Überzeitliche Erzählung

Sasha Waltz widmet sich bei den Osterfestspielen 2024 mit der Johannes-Passion (BWV 245) von Johann Sebastian Bach erstmals einem religiös konnotierten Musikwerk.

Sasha Waltz © Herlinde Koelbl

Die aus Karlsruhe stammende Künstlerin inszeniert mit ihrer Choreographie die Johannes-Passion als überzeitliche Erzählung über die menschliche Suche nach Wahrheit und Gerechtigkeit jenseits ihrer religiösen Implikation.

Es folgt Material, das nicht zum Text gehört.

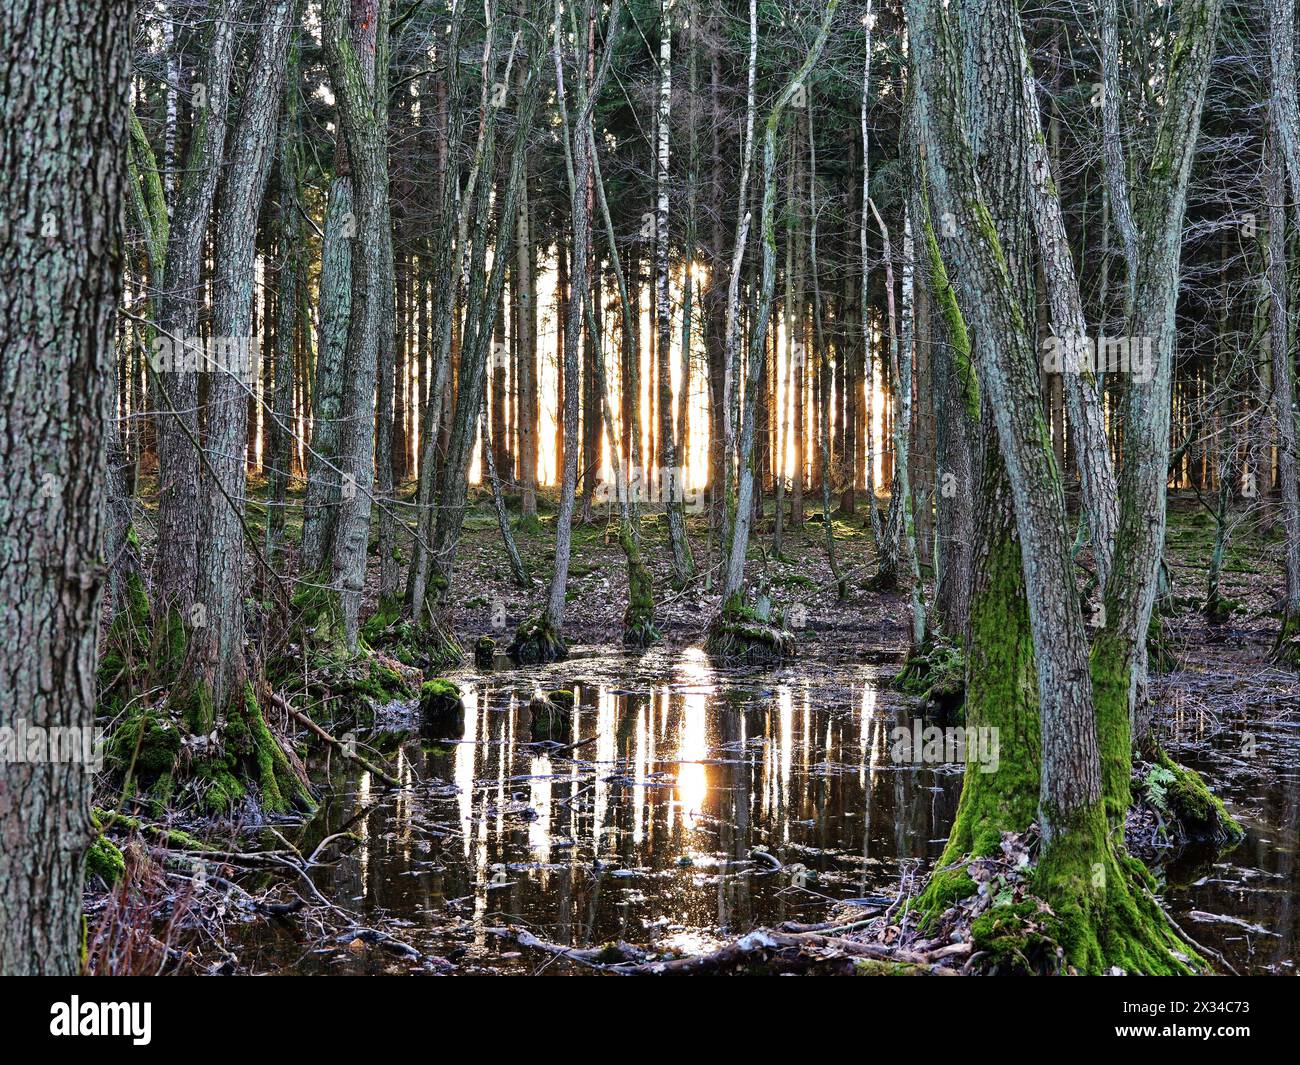 Waldgebiete mit Reflexionen in Wasserflächen von Mooren im Ketelshagen-Waldgebiet auf der Insel Rügen. Stockfoto

Bach komponierte das Werk 1724 am Anfang eben jenes Jahrhunderts, an dessen Ende »die Bestrafung […] aufgehört [hat], ein Schauspiel zu sein« (Michel Foucault: »Überwachen und Strafen«). Während bei Bach der Mythos der christlichen Passion noch in seiner ganzen Brutalität musikalisch inszeniert wird, verschwindet in den westlichen Gesellschaften allmählich »der Körper als Hauptzielscheibe der strafenden Repression« und hört dennoch nicht auf: trotz der »Lockerung des Zugriffs auf den Körper«, »geht es doch immer um den Körper und seine Kräfte, um deren Nützlichkeit und Gelehrigkeit, um deren Anordnung und Unterwerfung«.

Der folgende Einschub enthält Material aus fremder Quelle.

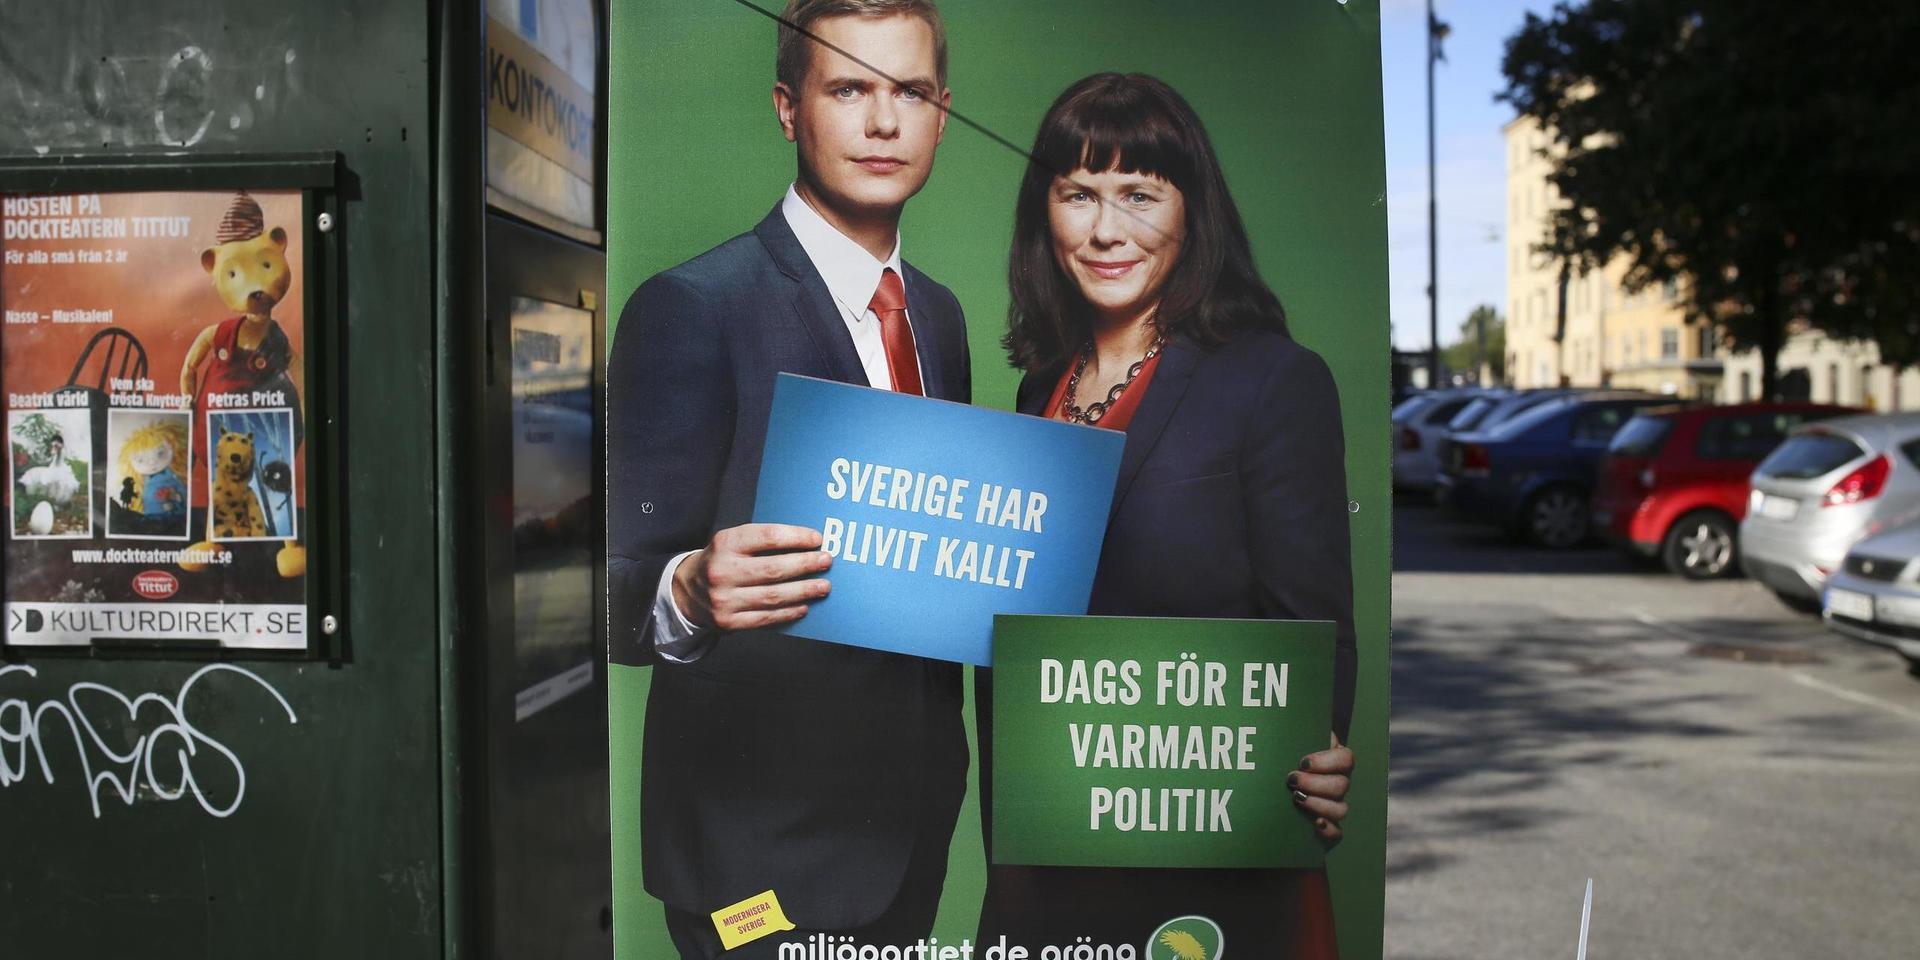 Miljöpartiets känslostyrda inställning fick dominera svensk migrationspolitik under 2010-talet. Det vore olyckligt om vi återvände dit.

Probenfoto zu »Johannes Passion« © Sebastian Bolesch

Suche nach Gerechtigkeit

Die choreographische Arbeit von Sasha Waltz auf die Verstrickungen von Leid und Hoffnung, Gewalt und Aufbegehren in der Johannes-Passion zeigen dabei auf, wie unsere Körper auch heute noch Oberflächen bilden, in die sich das (Un)Recht einschreibt und ausdrückt, wie die Position – das Recht, rechts, die Richtung – im Raum nach wie vor Ausdruck unserer Suche nach Gerechtigkeit sind. Nicht nur die universelle Sprache von Bachs Musik, sondern auch die des Tanzes kann in Zeiten der ökonomischen und politischen Krisen Brücken bauen und Hoffnung geben. In diesem Sinne bringt Sasha Waltz in ihrer »Johannes-Passion« 10 Tänzerinnen und Tänzer, den Chor, das Sängerensemble sowie das Orchester gemeinsam auf der Bühne in Bewegung.